# Remington .17 Fireball



## yooperyotebuster (Dec 13, 2005)

I just discovered this new round minutes ago. Remington will be chambering rifles for this round soon. It is supposed to send a 20 grain bullet at 4000 fps with similar trajectory as the .22-250 to 300 yards usind 50% less powder and 86% less recoil. Remington says that this round will create less maintenance and will not burn out barrels. I will be envious of the first guy to have one.


----------



## Horsager (Aug 31, 2006)

This cartrige has been popular with "wildcatters" for years.
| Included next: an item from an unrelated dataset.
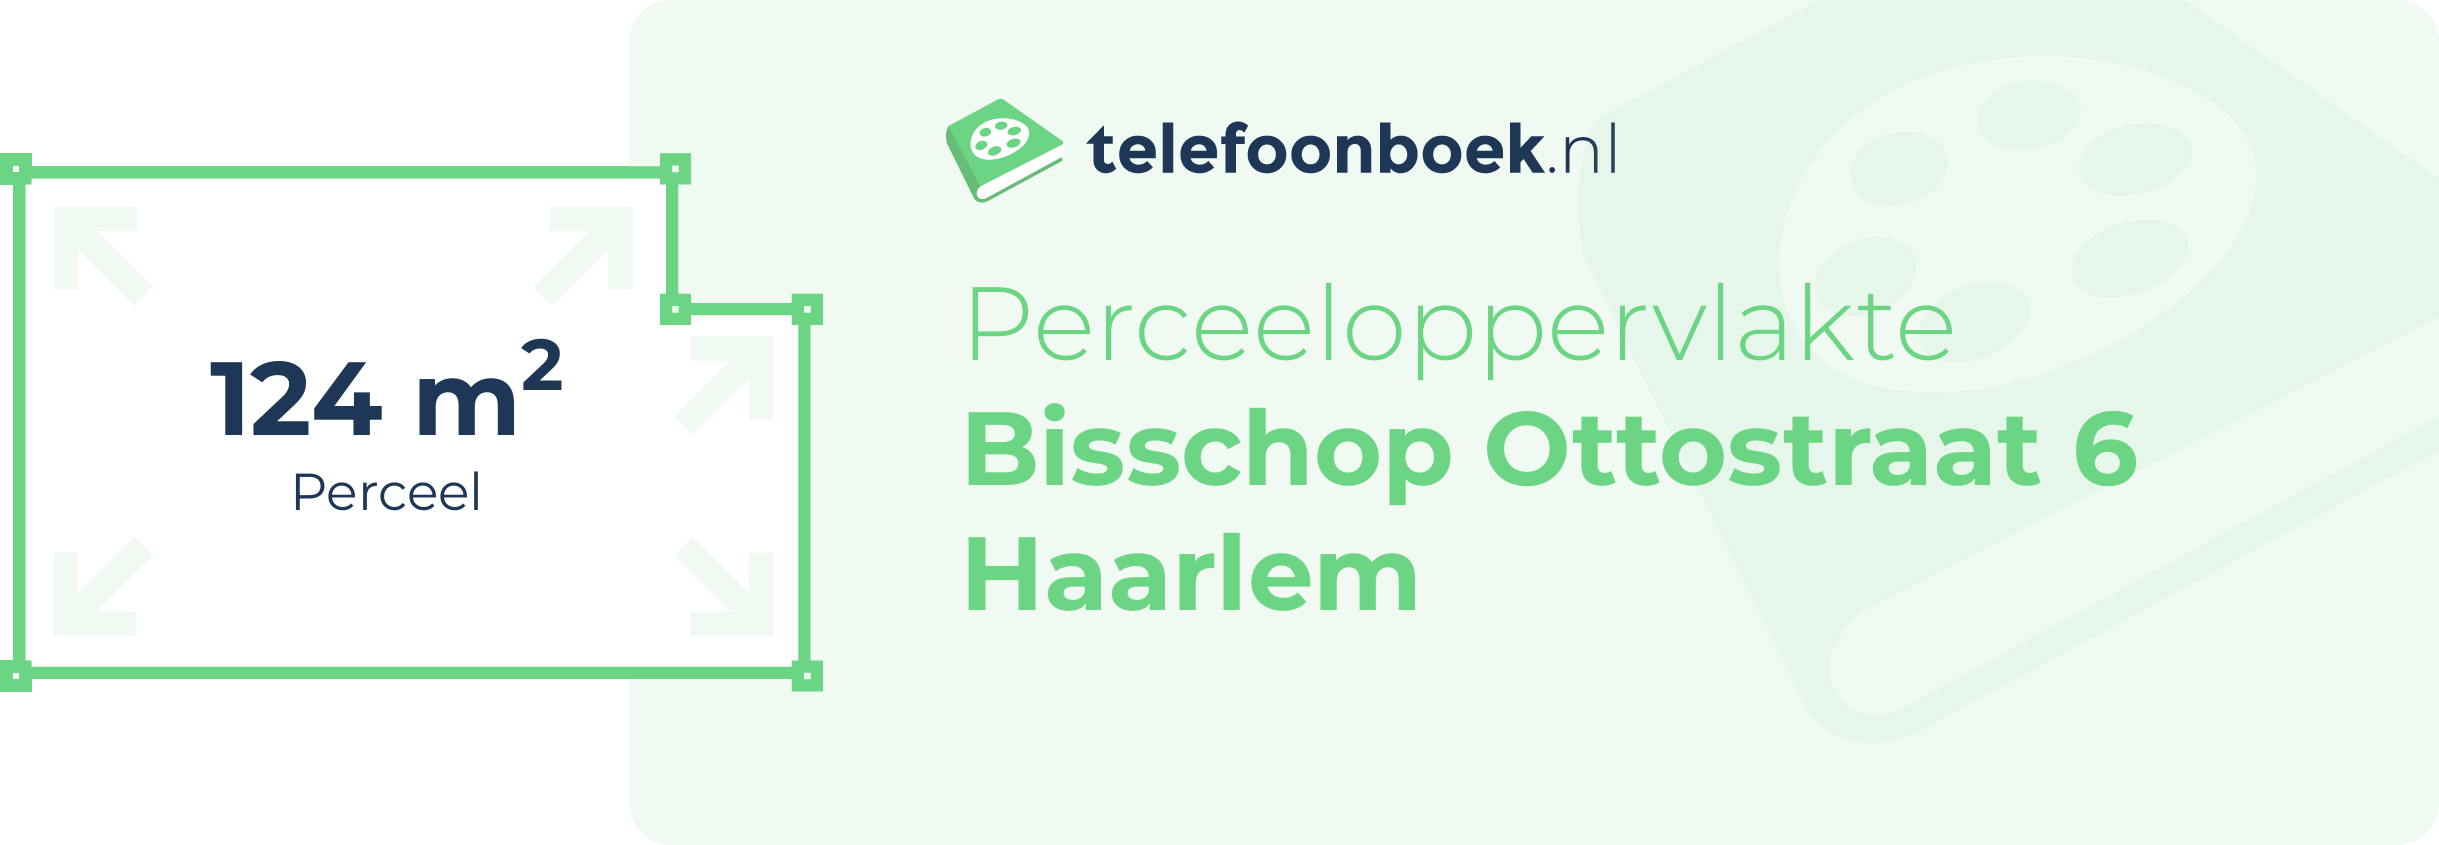 Perceeloppervlakte Bisschop Ottostraat 6 Haarlem

Remington is calling it the .17 Fireball, most folks know it better as the .17 Mach IV.


----------



## Sin man (Jul 25, 2006)

it looks like a very good round and remi is going to have it in quite a few rifles too so it should go over pretty well.


----------



## yooperyotebuster (Dec 13, 2005)

I don't know if it will perform any better than my current .17 rem. But if I don't have to scrub the barrel every five shots it's worth looking into.


----------



## yooperyotebuster (Dec 13, 2005)

Horsager,
I just looked up the .17 machIV. You were correct. It is a resized .221 rem fireball case. It will be nice to have it in a factory round since I do not reload. Also my current .17 has fired approx 2500 rounds.


----------